La Balance

balanceThe French seem to love American police thrillers almost as much as Americans do, and they regularly make movies that imitate the hard-hitting American style.

The gritty, roughhouse French thriller La Balance, however, does not really have to imitate an American style—because the writer-director is himself an American. He’s an expatriate named Bob Swaim, and his movie is lively, violent, and something of a mess.

The first part of the film is seen mainly from the viewpoint of the cops—especially the police captain (Richard Berry) who wants to sting the city’s underworld kingpin (Maurice Ronet). To do that, he’s got to find some informers who will help set the crime czar up for a fall.

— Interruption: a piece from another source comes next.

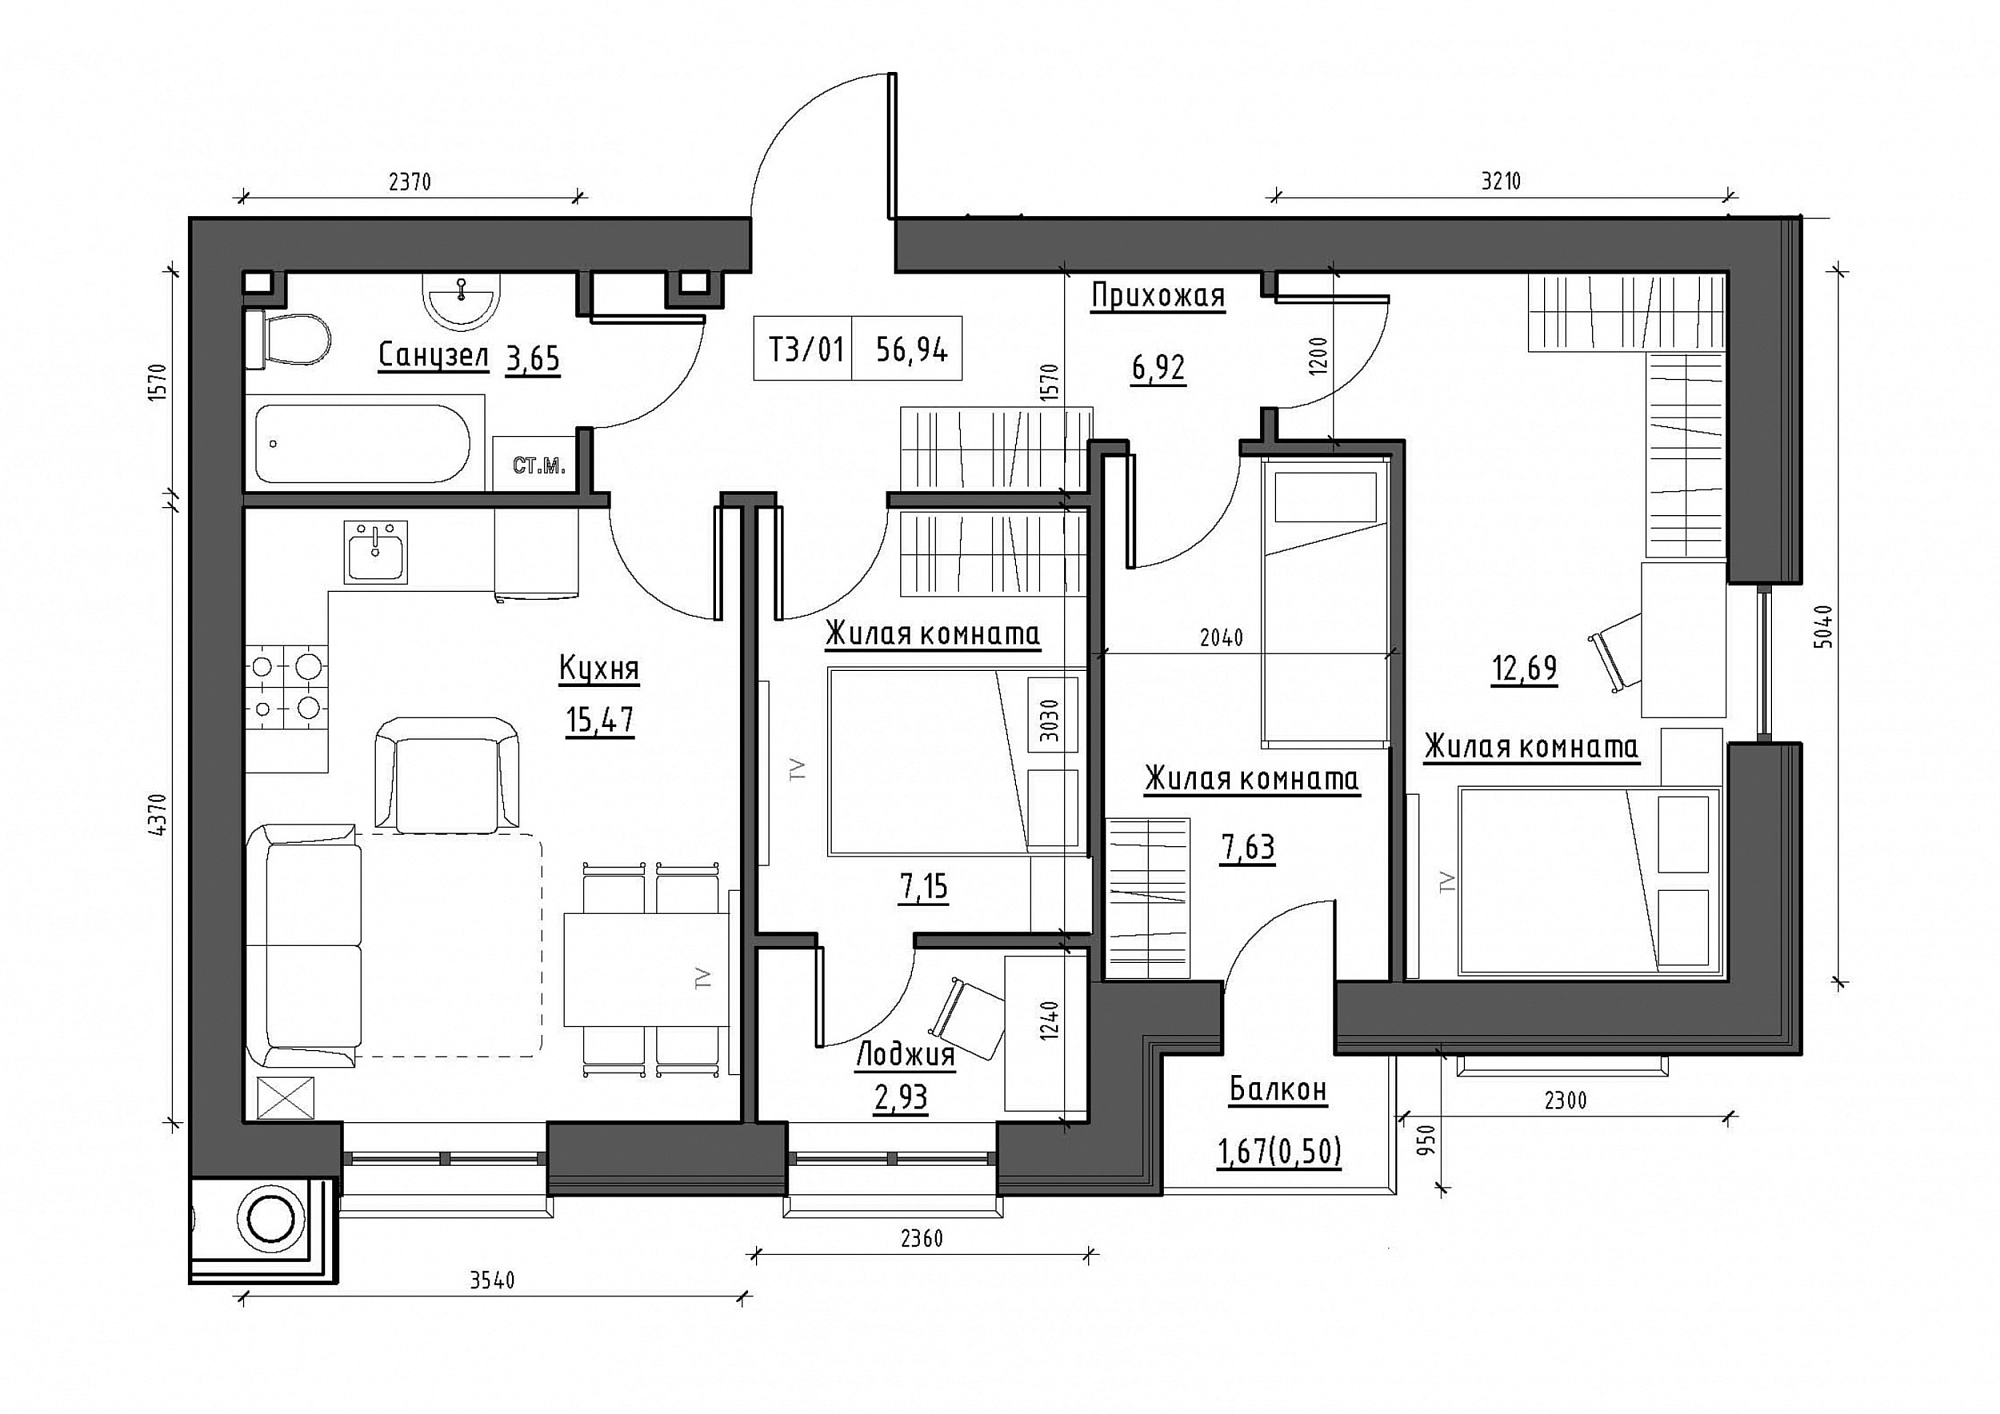 Планування 3-к квартира площею 56.94м2, KS-011-02/0008.

He finds a prostitute (Nathalie Baye) and her pimp (Philippe Leotard) and bullies them into setting up the sting. Soon, our sympathies are with Baye and Leotard; the twist here is that the genuinely love each other, and are blackmailed into helping the police.

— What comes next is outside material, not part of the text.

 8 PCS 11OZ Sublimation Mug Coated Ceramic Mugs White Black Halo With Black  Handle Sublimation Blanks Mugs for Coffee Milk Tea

There is still a tattered honor about these unlikely heroes, which is a far cry from the belligerent, amoral police. Even the jaded captain is impressed—and although he reneges on initial promises to the couple, he may be stating to like them.

The world of La Balance is a world of betrayal, on various levels: in love, in crime, in business. Swaim conjures a convincingly ratty Paris underworld in which to set this tale of shifting loyalties, and the ugly cinematography adds to this.

The film has a lot of ideas floating around, and most of them don’t quite come together. The air of confusion may be appropriate for the sense of moral ambiguity that Swaim clearly wants to communicate, but it makes a cop thriller considerably less streamlined.

But the story works well enough, in large part thanks to an appealing cast: Baye is fine as the prostitute, and Berry does well in the tough part of the unshaven, world-weary detective. There’s probably no actor around who looks less like his name than Philippe Leotard; his boxer’s face gives him a streetwise authenticity, but he also carries an odd nobility.

And La Balance itself has an authenticity, possibly due to the Gallic setting being filtered through an American mind, and seen afresh. Whatever the reason, it turns out to be a truly French French Connection.

First published in the Herald, January 12, 1984

Swaim got a Hollywood stint out of this, doing the awkward Half Moon Street and the better Masquerade. This was a good period for Nathalie Baye, a delicate-looking actress with a distinct gravity.